_DIRECTIONS:_ Once the line holding "Map_14_(развёртование_615-626).jpg" is found in the entries below, transcribe exactly every line up to and including the one holding "Green Dante Green Virgil One Shot", but leave out the pictures.

_DATA SUPPLIED:_
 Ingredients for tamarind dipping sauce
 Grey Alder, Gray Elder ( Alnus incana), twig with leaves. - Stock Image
...
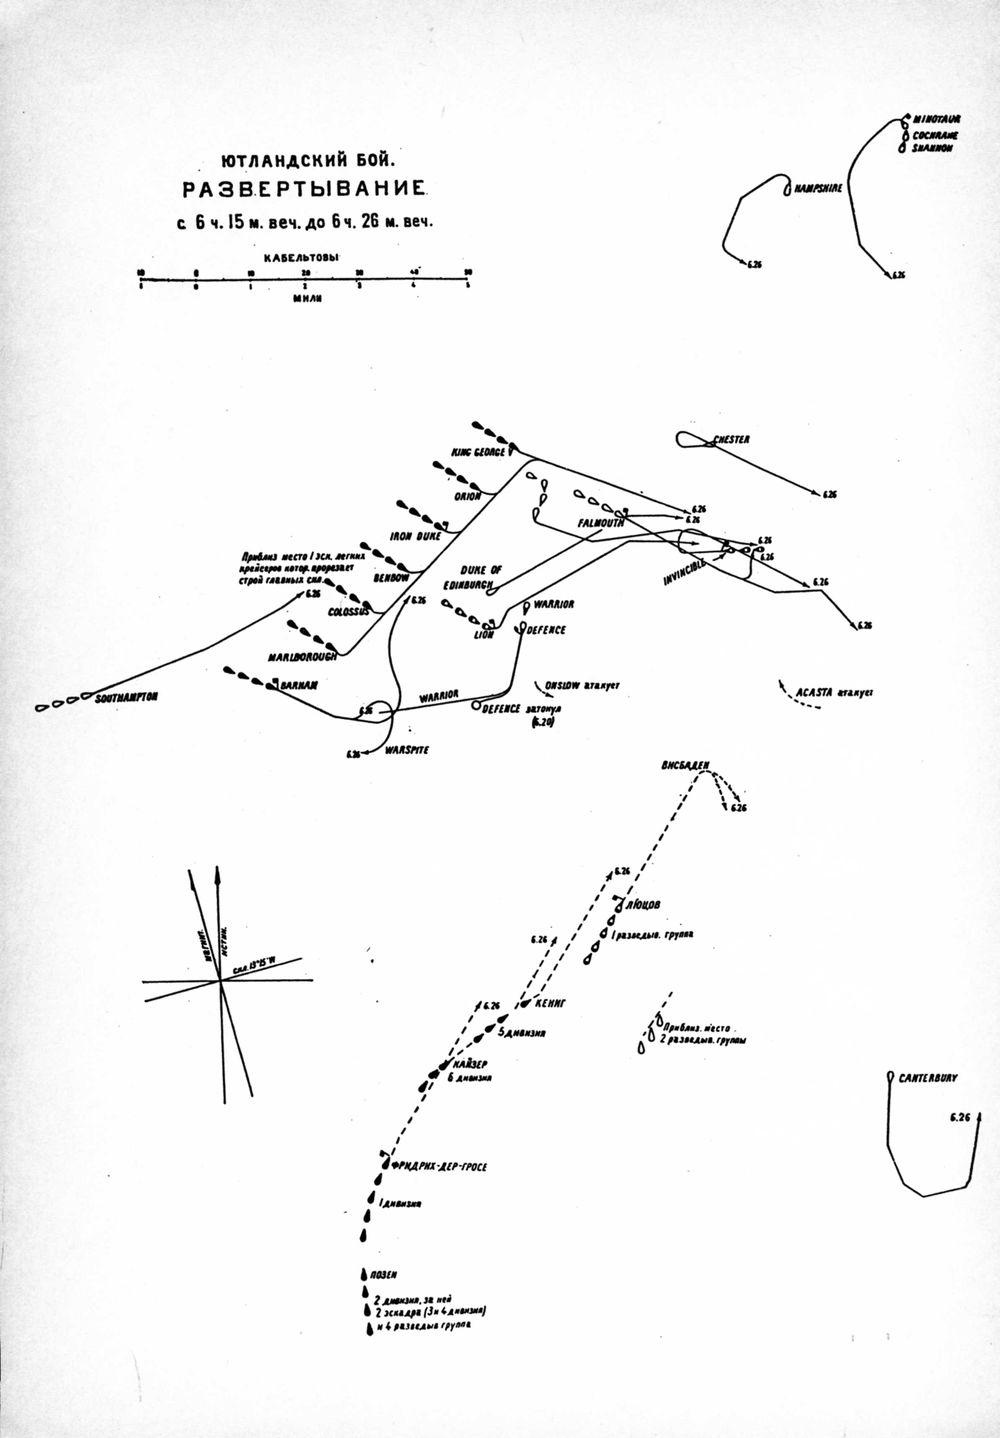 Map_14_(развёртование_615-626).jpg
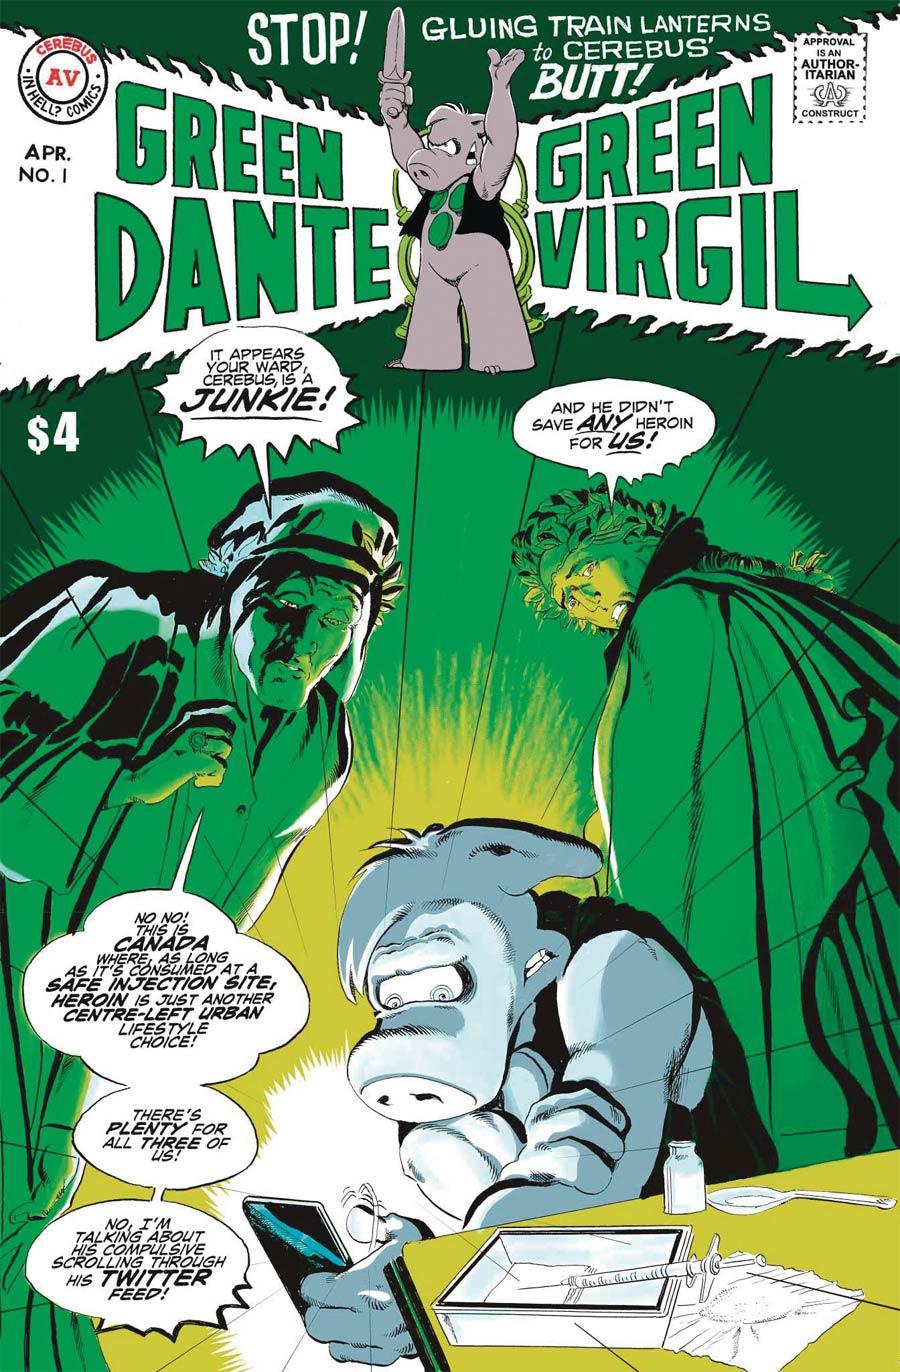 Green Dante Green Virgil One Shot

_REPLY:_
 Map_14_(развёртование_615-626).jpg
 Green Dante Green Virgil One Shot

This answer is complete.